Киллиан тяжело вздохнул.
— Наверное, это непросто, — пробормотал он. — Помнить их всех…
— Такие вещи отпечатываются в памяти, — кивнул Бенедикт. — Разве ты сможешь теперь забыть когда-нибудь Ганса Меррокеля?
Харт опустил взгляд.
— Вряд ли, — тихо отозвался он.
— Это наша работа, Киллиан. Ты должен понимать, на что идешь, когда берешься за нее. Память о каждой казни — неотъемлемая часть нашего дела. Поэтому я так стараюсь научить тебя отвлекаться от твоих кошмаров. Иначе можно сойти с ума.
Колер выждал, пока ученик посмотрит на него, и внимательно заглянул ему в глаза.

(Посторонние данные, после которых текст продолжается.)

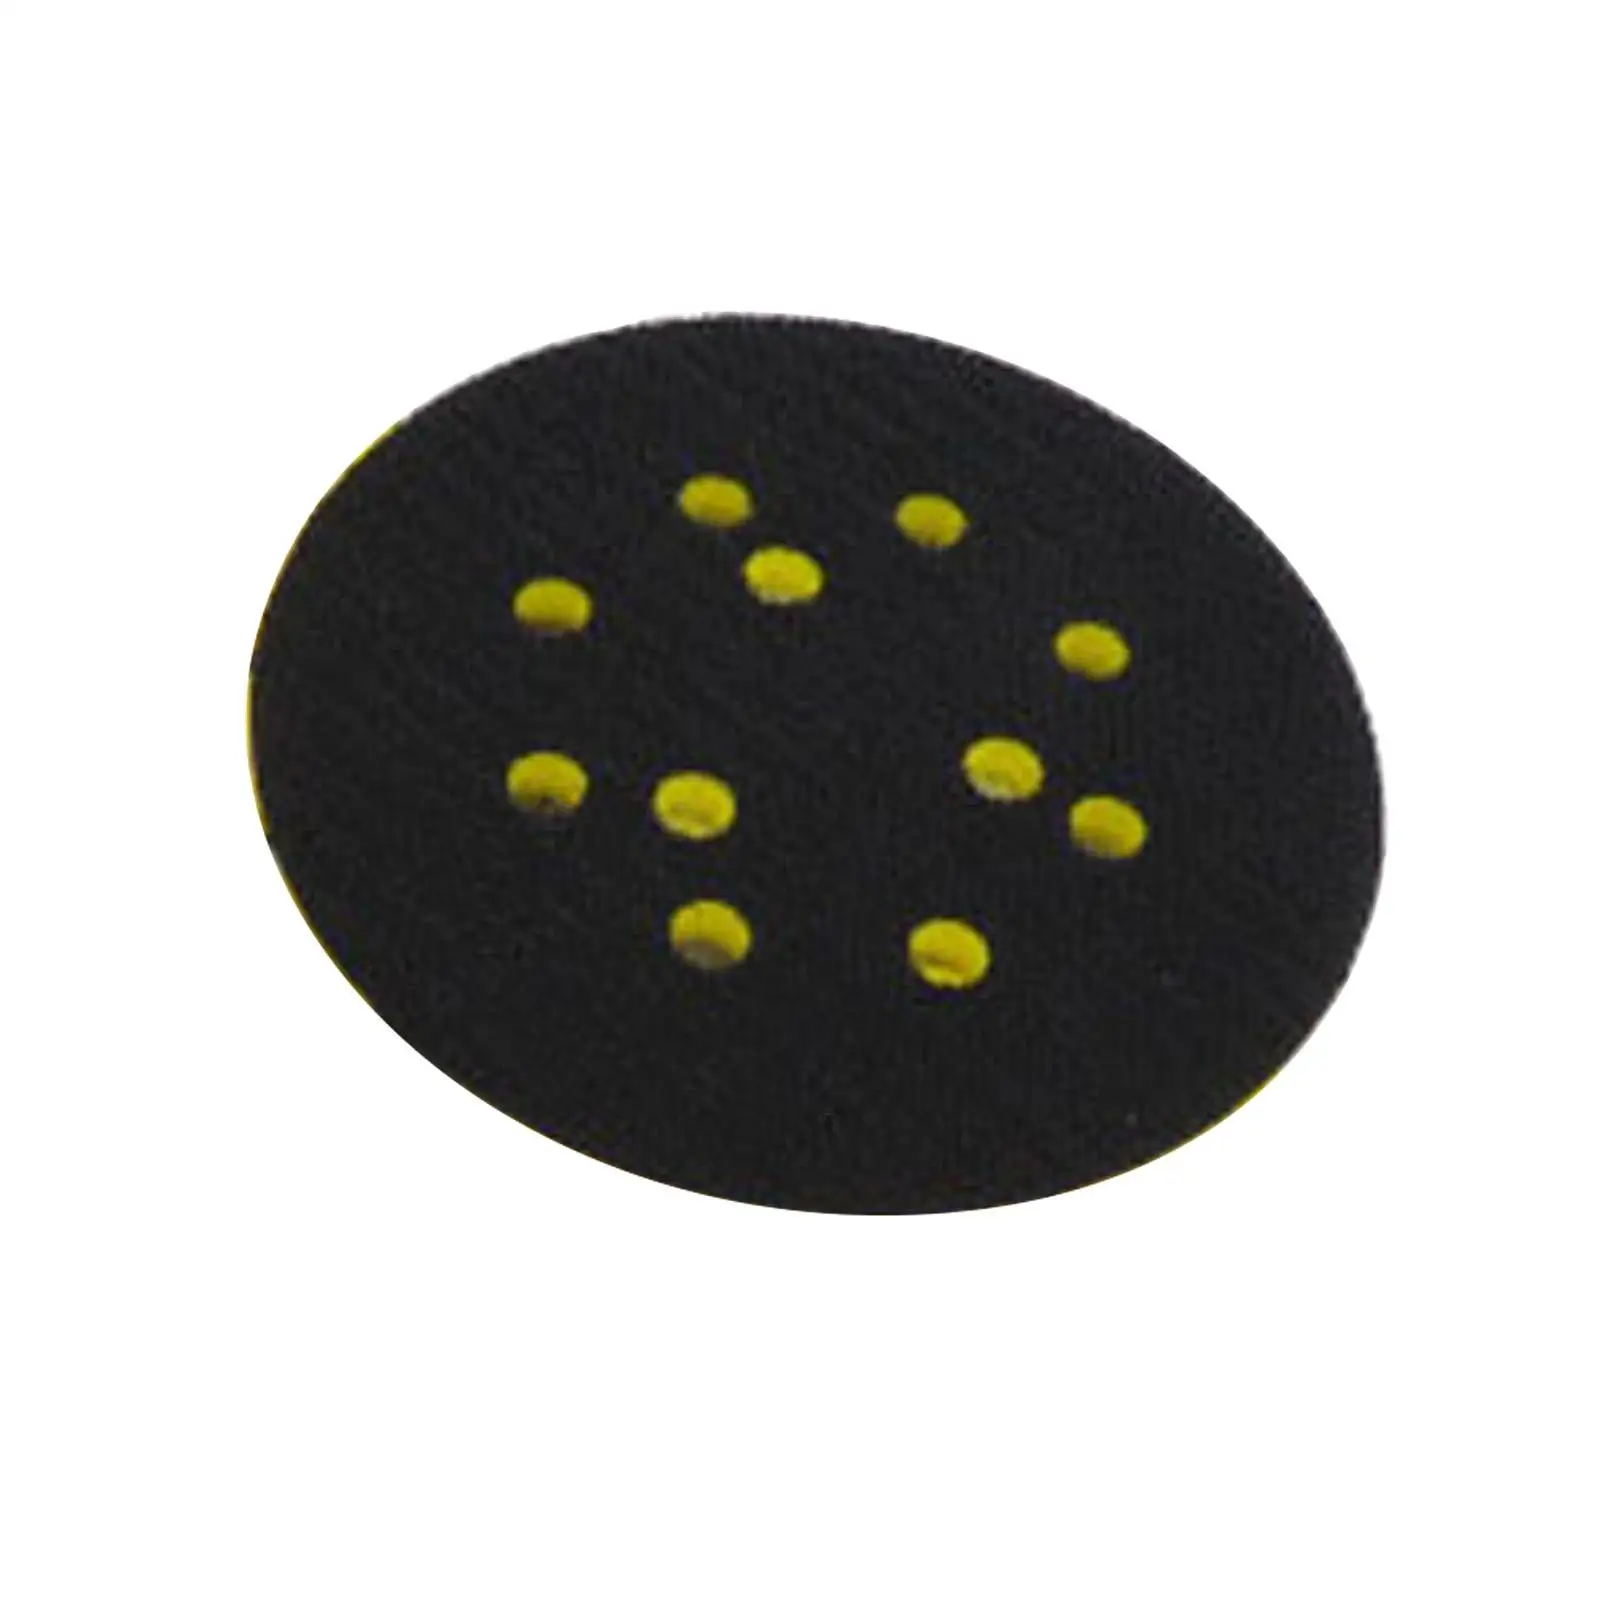 Sanding Disc Pad Durable Ventilation Grinding Plates for Woodworking Carving

— Как тебе кажется, Киллиан, ты справишься с этим? С тем, чтобы научиться выведывать информацию у существ, которых крайне тяжело сломать. С тем, чтобы отправлять на костер людей, которые отдали свои души этим демонам, или людей, которые сделали это против воли. С тем, чтобы помнить каждое имя. Справишься? Не думаю, что тебе приходилось задумываться об этом в Олсаде.
Харт нахмурился. Несколько секунд он молчал, затем качнул головой.
— Хотел бы я с уверенностью ответить положительно, Бенедикт, но не могу. Я не знаю.
Вопреки ожиданиям молодого человека, на лице Колера растянулась улыбка.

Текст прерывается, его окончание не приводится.